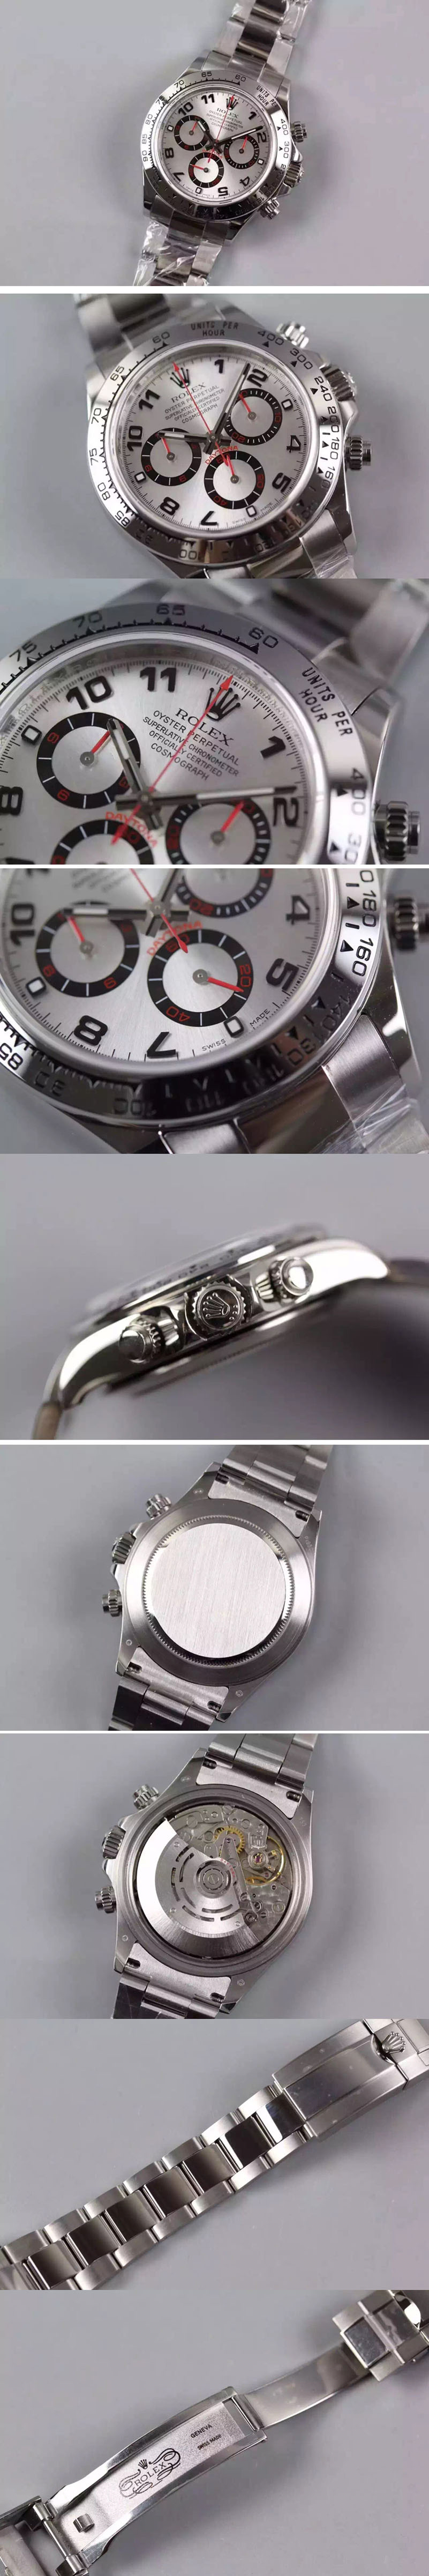 Replica Rolex Daytona Watches
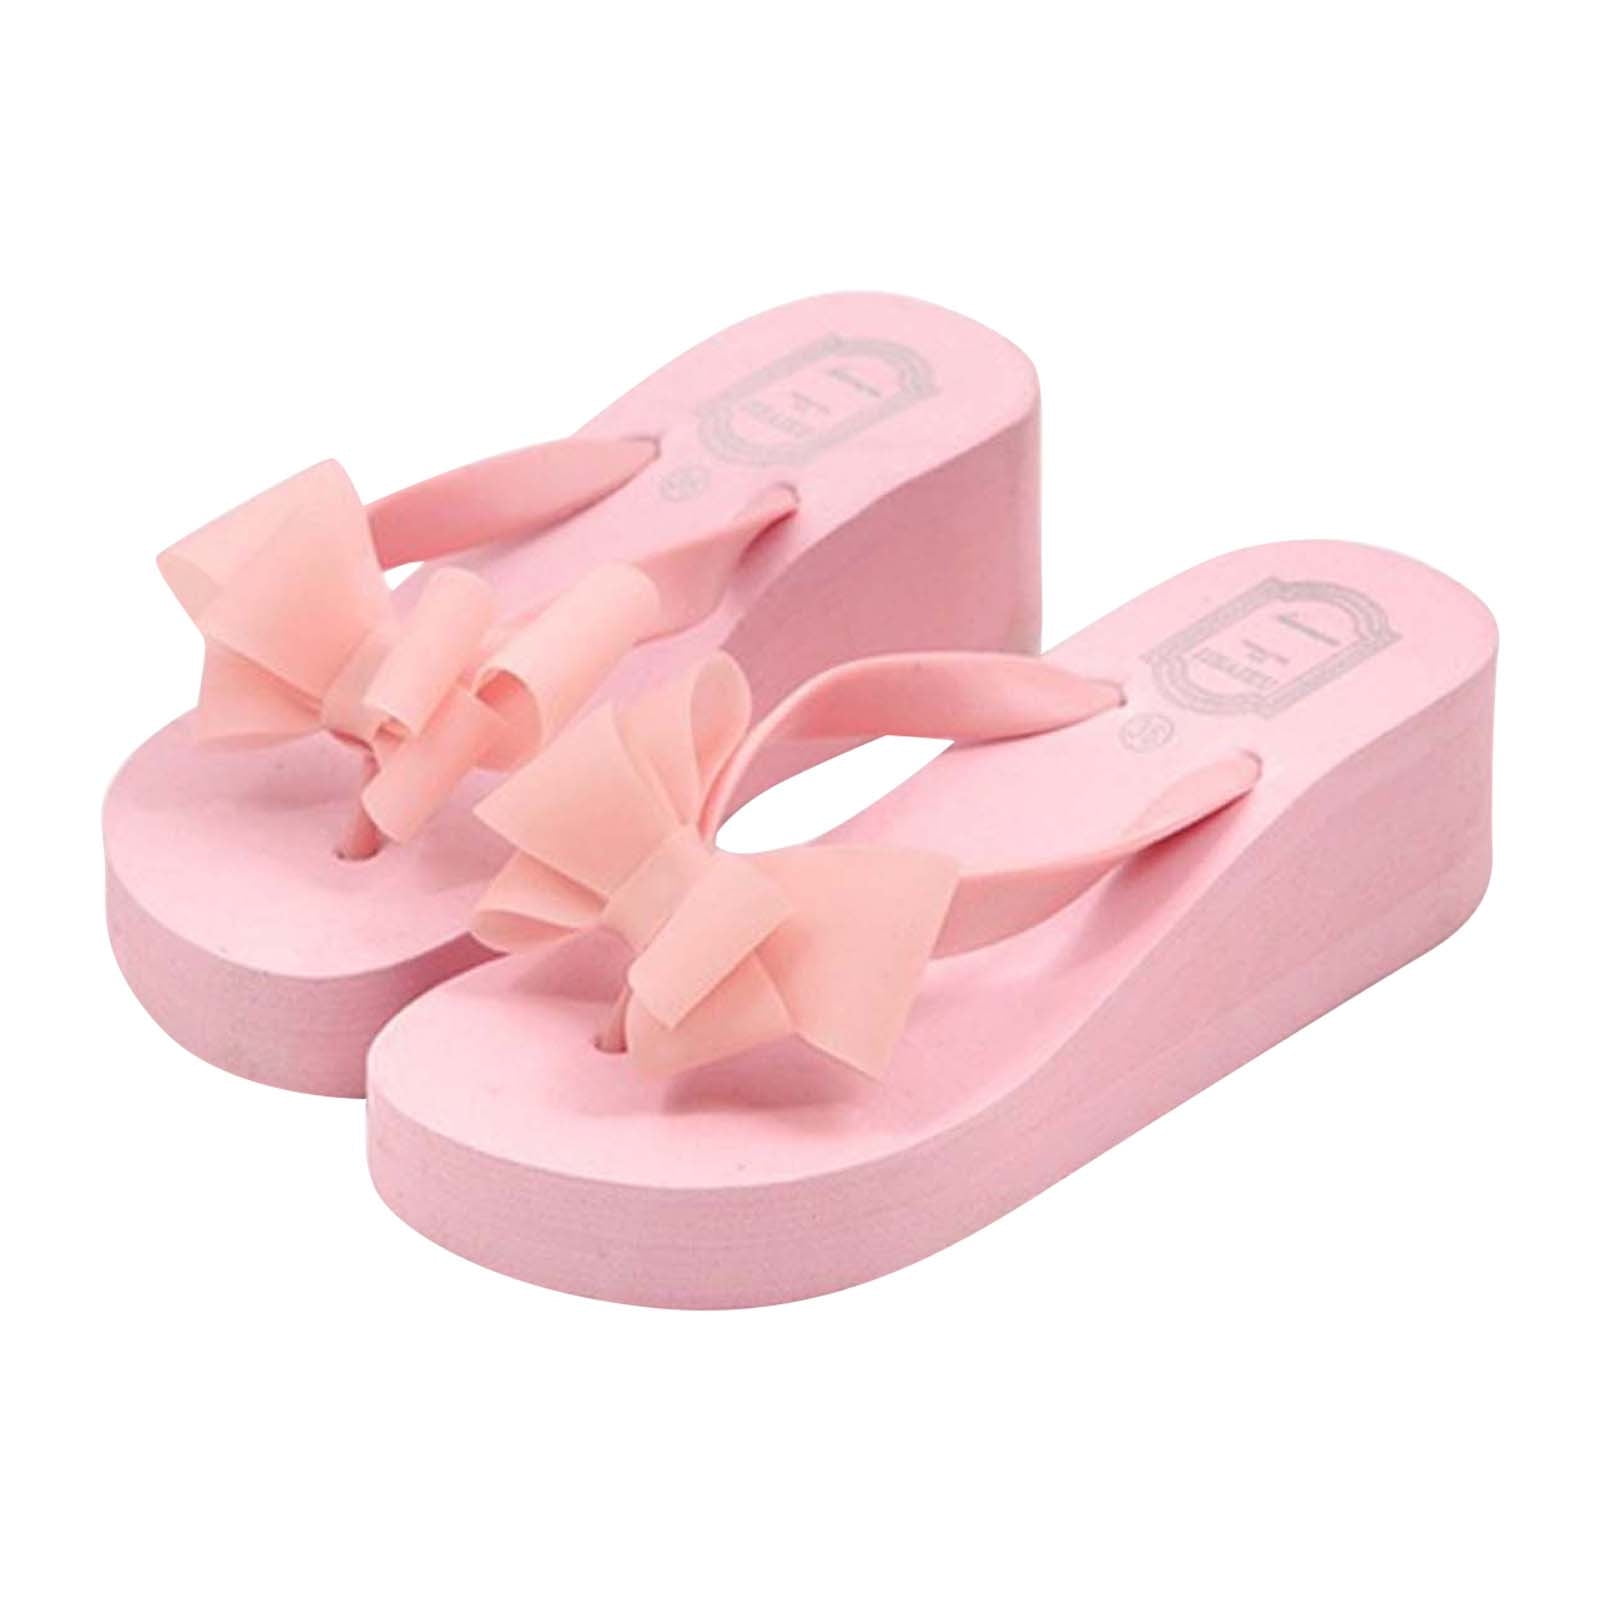 NWT - Olukai Women's Kapehe Flip Flops In Rosette Pink Sandals Shoes - Size  9
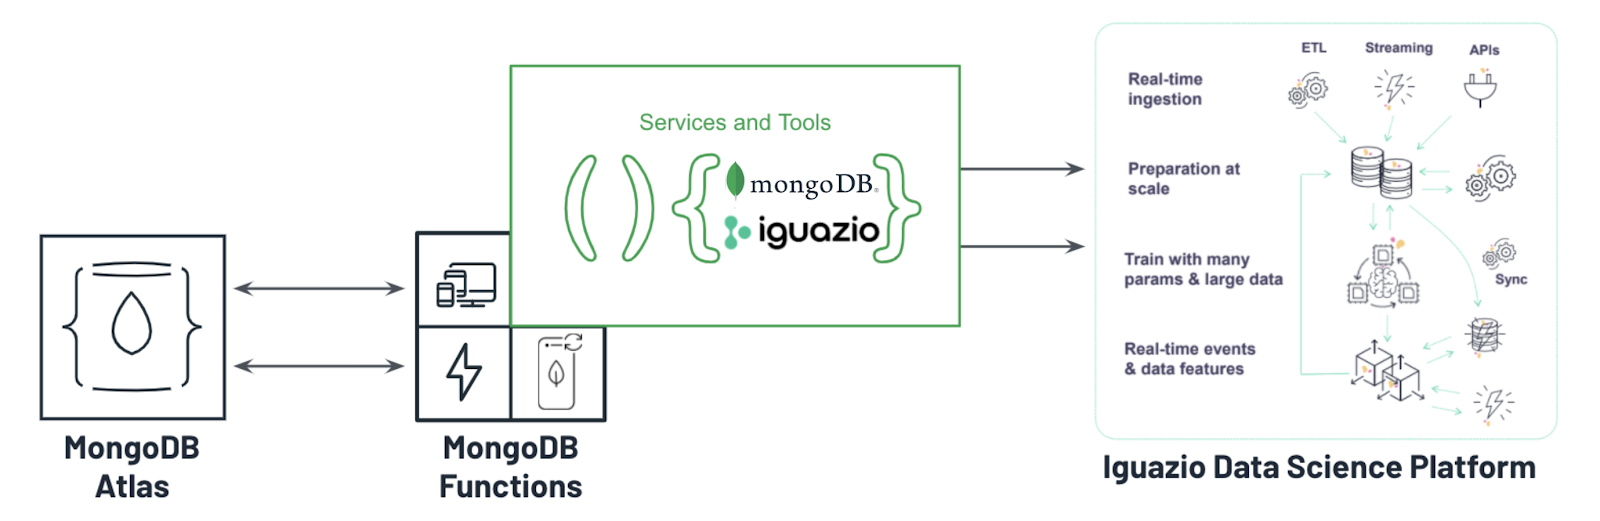 Iguazio and MongoDB data science platform

★ ★ ★ ★ ★ ★ ★

### Prompt
When you copy the data, keep every line exact and leave out each picture.

### Worked solution
 Replica Rolex Daytona Watches
 NWT - Olukai Women's Kapehe Flip Flops In Rosette Pink Sandals Shoes - Size  9
 Iguazio and MongoDB data science platform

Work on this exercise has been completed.